市町村の設置する一般廃棄物処理施設は、まず100%国庫補助を受けています。
国庫補助を受けて設置した施設で産業廃棄物を処理すると…
目的外使用として、補助金返還の対象となります。
即ち、おおっぴらに産業廃棄物の処理を行うと、当該自治体はとんでもないことになるのです。
真茶香 様 コメントありがとうございました。
国庫補助の件 まったく眼中にありませんでしたので、大変参考になりました。
ただ、一般廃棄物処理施設で産業廃棄物の合わせ処理がまったくできないのだとすると、環境省自体が廃棄物処理法の趣旨を捻じ曲げていることになります。

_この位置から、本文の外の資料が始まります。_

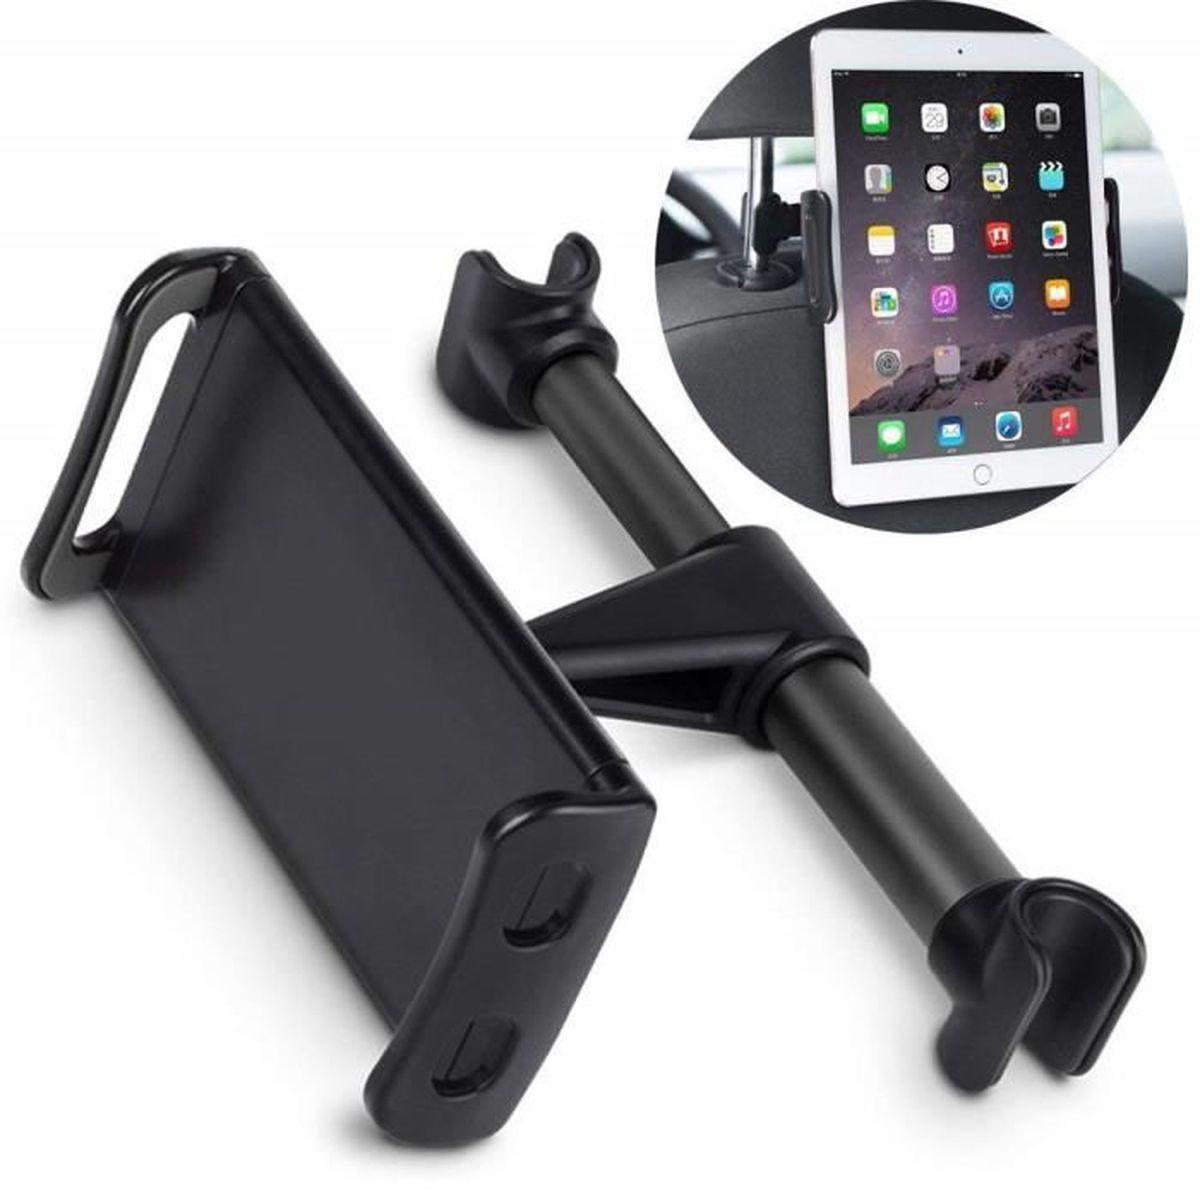 G/én/érique /Étui Extensible avec Support pour Smartphones et tablettes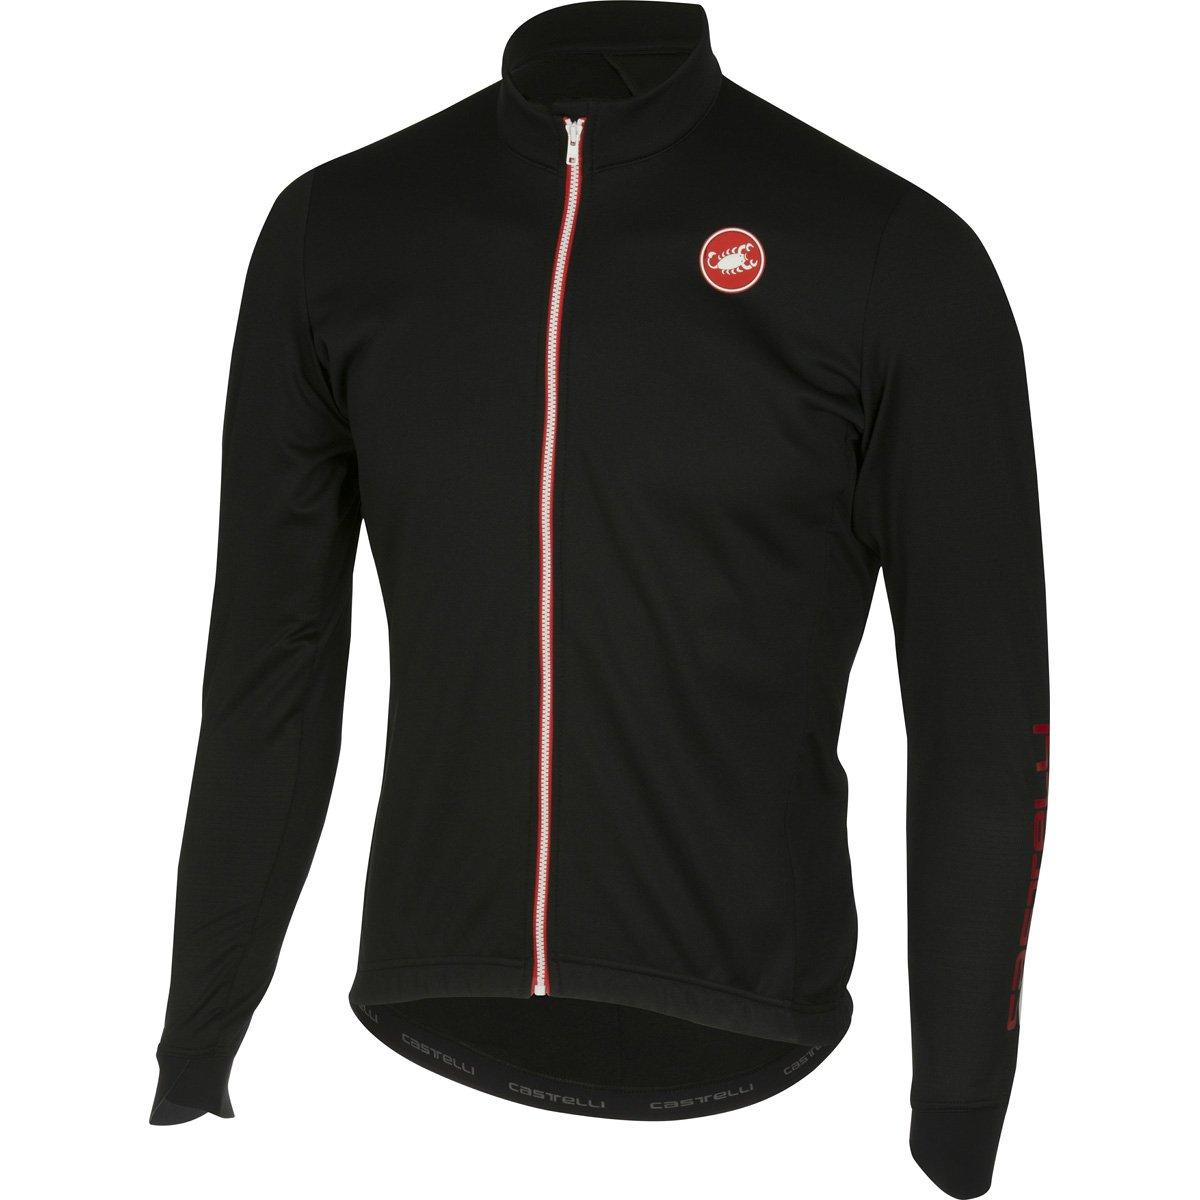 Castelli 2016 / 17メンズPuroフルZip長袖サイクリングジャージー – a16516 B01KWJ1T9O Large|ブラック ブラック Large

それもちょっと考えにくい事態なので、原典を調べてみました。
後でブログでその原典などをアップします。
今後ともよろしくお願いします。
合わせ産業廃棄物処理にマニフェストが必要との事ですが、この場合も産業廃棄物マニフェストでよろしいでしょうか。又、その際は清掃工場が中間処理先、最終処分先となって、現地確認や契約書の処分先は「清掃工場」の記載も必要となりますか。産業廃棄物マニフェスト運用が理解不能になってしまします。
産業廃棄物であるならば、マニフェストが必要ですね。
契約書も中間処理先は市町村の清掃工場となります。